→ Data for the task
***

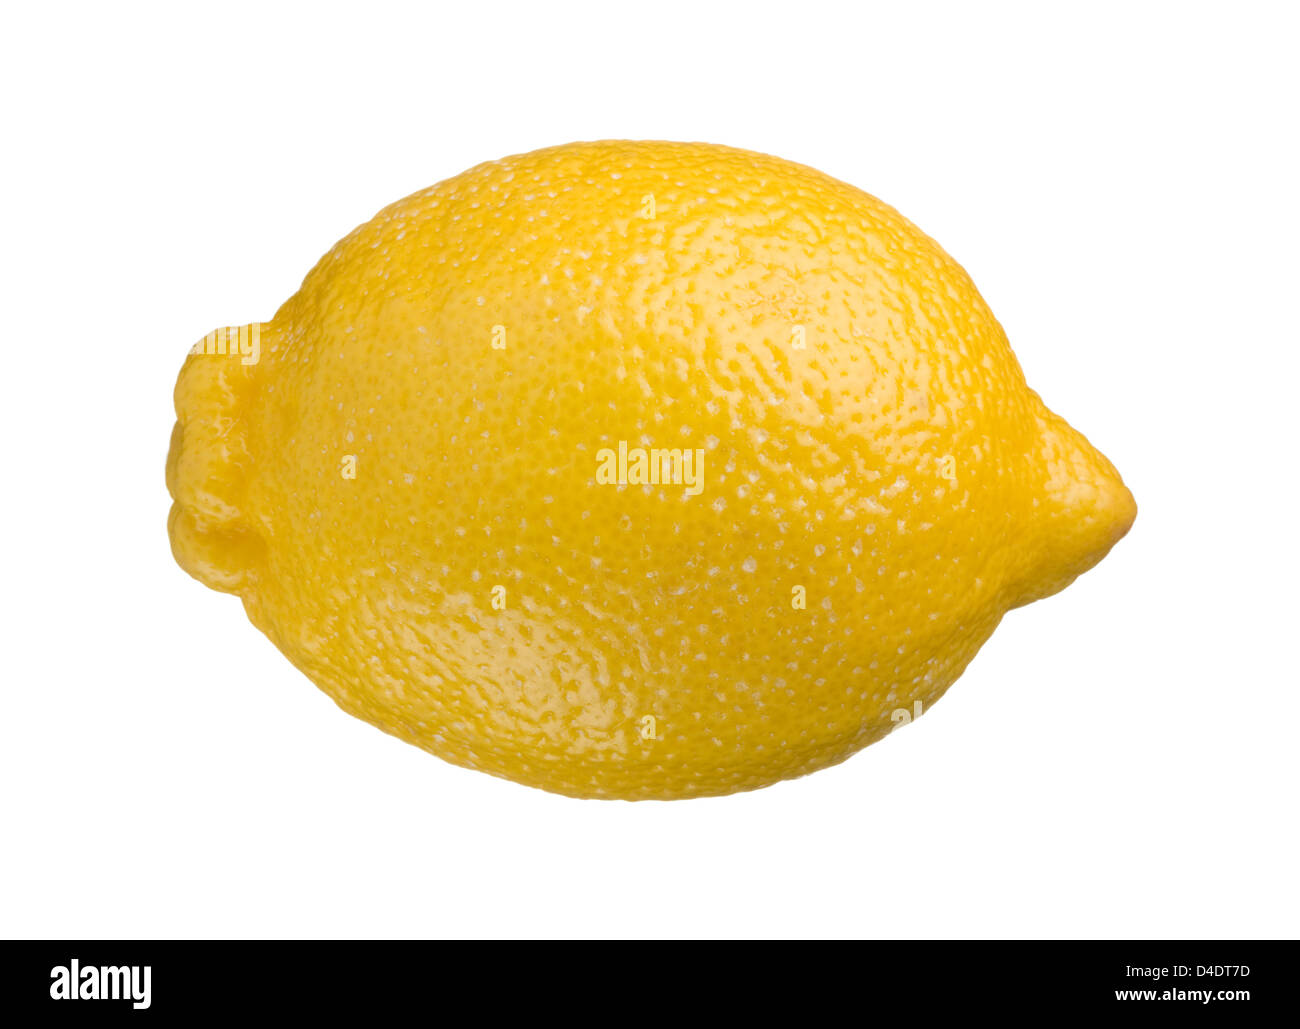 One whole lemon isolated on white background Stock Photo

***

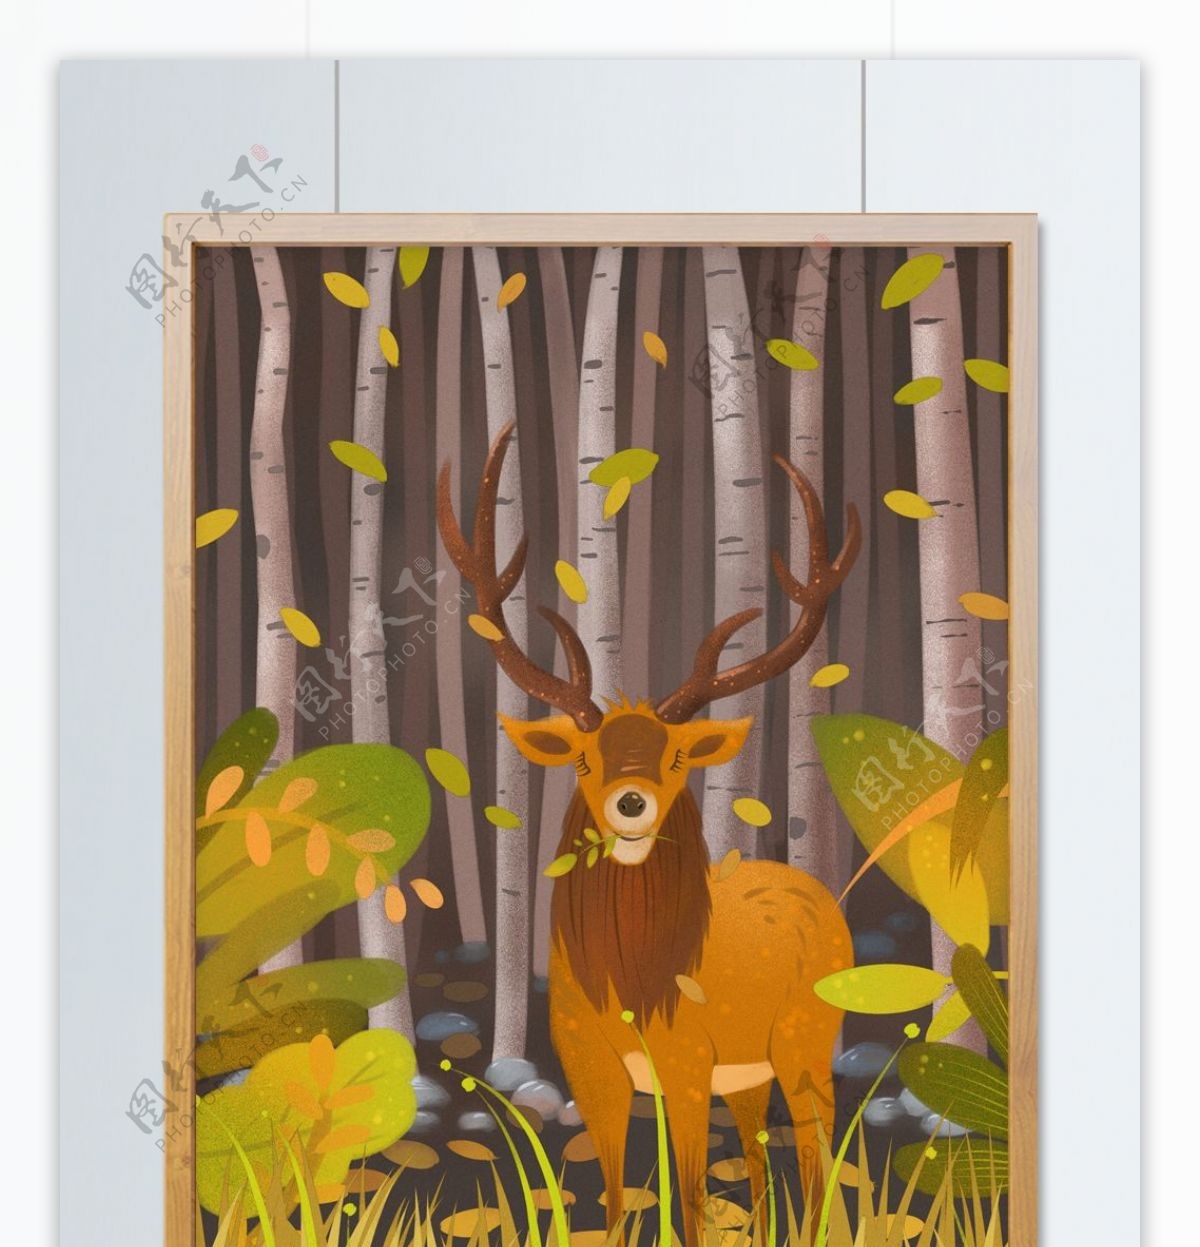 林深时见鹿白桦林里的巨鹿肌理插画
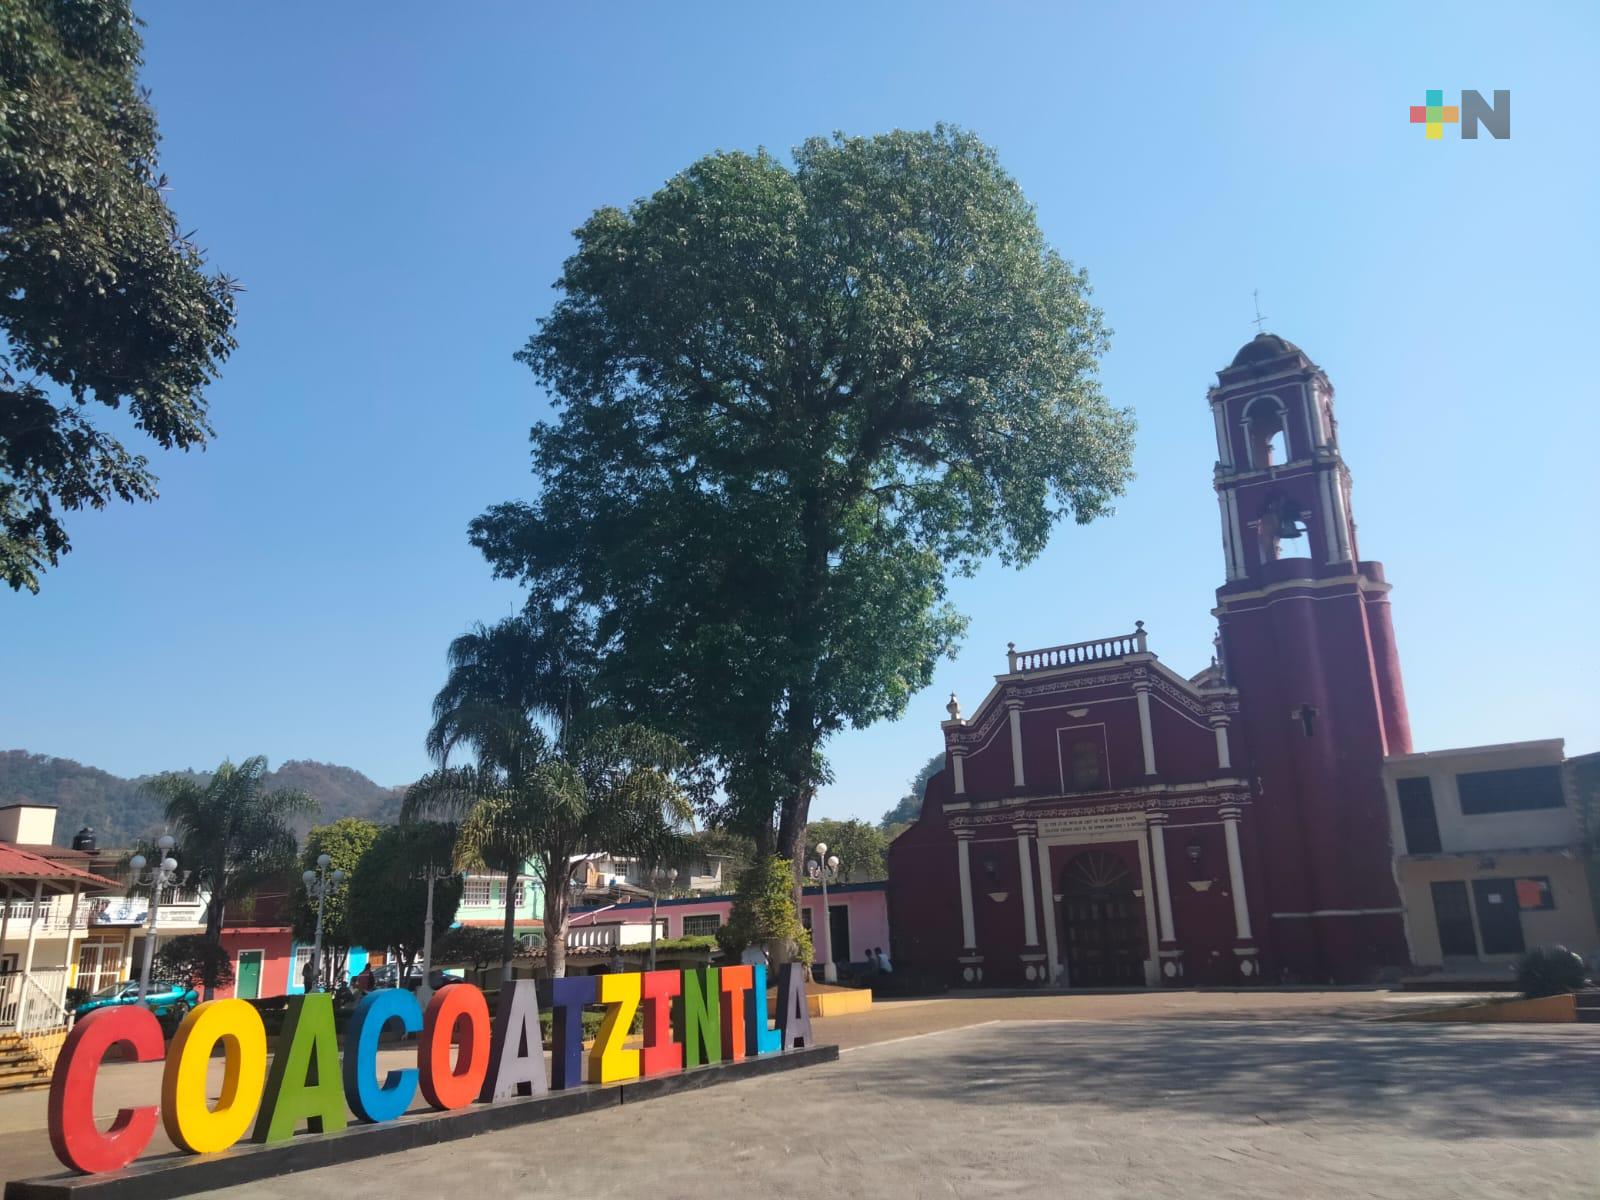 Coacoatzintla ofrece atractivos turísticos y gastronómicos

***

→ Task objective
Repeat, word for word, the lines of the material above from the one holding "林深时见鹿白桦林里的巨鹿肌理插画" through the one holding "Coacoatzintla ofrece atractivos". Leave out pictures.

→ Reply
 林深时见鹿白桦林里的巨鹿肌理插画
 Coacoatzintla ofrece atractivos turísticos y gastronómicos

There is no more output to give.